On multiple choice, expect questions that test the definition directly (checking whether a piecewise function is continuous at a boundary point) and questions where continuity is the hypothesis, like computing the average value of a continuous function over an interval or identifying where a continuous function fails to be differentiable. On FRQs, "the continuous function f" shows up constantly as the setup line. The 2018, 2019, 2021, and 2025 exams all opened a graph-based FRQ with a continuous function defined on a closed interval, often built from line segments and circle arcs. Your job in those problems is to read values and areas off the graph, define accumulation functions like G(x) = ∫₀^x f(t) dt, and justify conclusions using theorems whose fine print says "continuous." When a justification asks why a value must exist, naming continuity as the condition is often part of earning the point.
Differentiability is the stronger condition. Every differentiable function is continuous, but not every continuous function is differentiable. A graph can be unbroken yet still have a sharp corner (|x| at x = 0) or a vertical tangent (∛x at x = 0), and at those points the derivative does not exist. Think of continuity as "no breaks" and differentiability as "no breaks AND smooth."
A function is continuous at x = c when f(c) is defined, the limit as x approaches c exists, and that limit equals f(c).
Differentiability implies continuity, but continuity does not imply differentiability, so a corner like |x| at x = 0 is continuous without being differentiable.
A vertical tangent, like ∛x at x = 0, is another place a continuous function fails to be differentiable.
The average value of a continuous function on [a, b] is (1/(b−a)) times the definite integral of f from a to b.
Major theorems like the Intermediate Value Theorem and the average value formula require continuity as a hypothesis, and FRQ justifications often need you to mention it.
When an FRQ says "the continuous function f is defined on the closed interval," the College Board is handing you permission to use these theorems.
A function is continuous at a point c when f(c) is defined, the limit of f(x) as x approaches c exists, and the limit equals f(c). Informally, the graph has no holes, jumps, or breaks, so you can draw it without lifting your pencil.

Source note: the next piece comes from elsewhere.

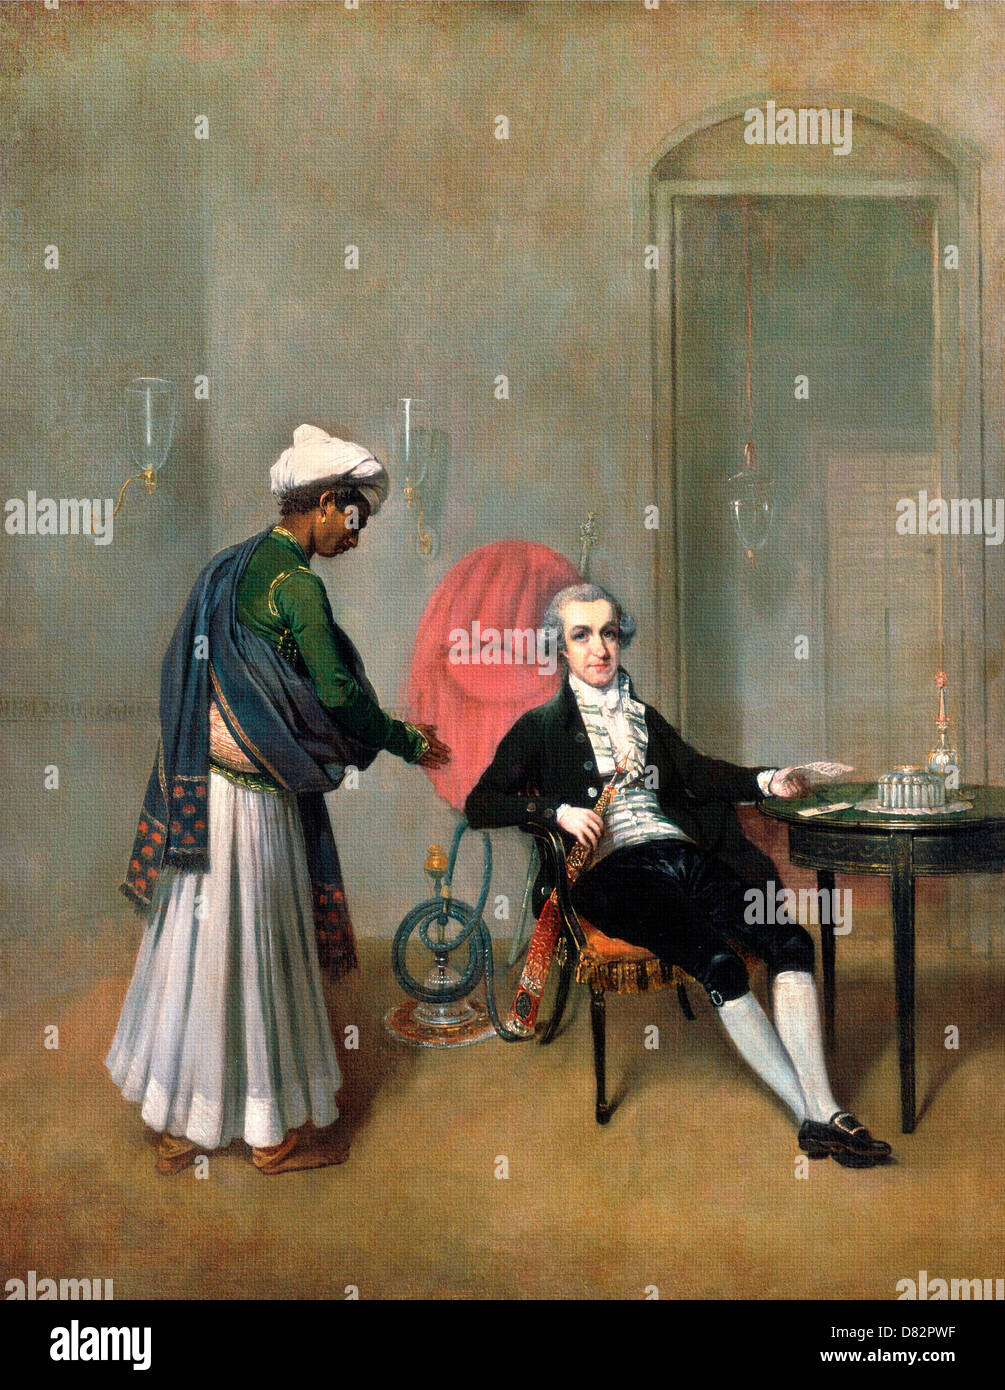 Arthur William Devis, Porträt von einem Gentleman, möglicherweise William Hickey und ein indischer Diener. Ca. 1785. Öl auf Leinwand. Stockfoto

No, that implication only runs the other way. Differentiable always means continuous, but f(x) = |x| is continuous at x = 0 and not differentiable there because the left and right limits of the difference quotient don't match. AP Calc 2.4.A tests exactly this distinction.
Piecewise describes how a function is written, not whether it's continuous. A piecewise function can be perfectly continuous if the pieces connect, which is why exam problems love asking you to check continuity at the boundary between pieces using left-hand and right-hand limits.
That phrase guarantees the theorems you need actually apply. FRQs from 2018, 2019, 2021, and 2025 all used it to set up graph-based problems involving accumulation functions like G(x) = ∫₀^x f(t) dt, where continuity makes the integral and the Fundamental Theorem of Calculus work.
First, f(c) must be defined. Second, the limit of f(x) as x approaches c must exist, meaning the left-hand and right-hand limits are equal. Third, that limit must equal f(c). Failing any one creates a discontinuity.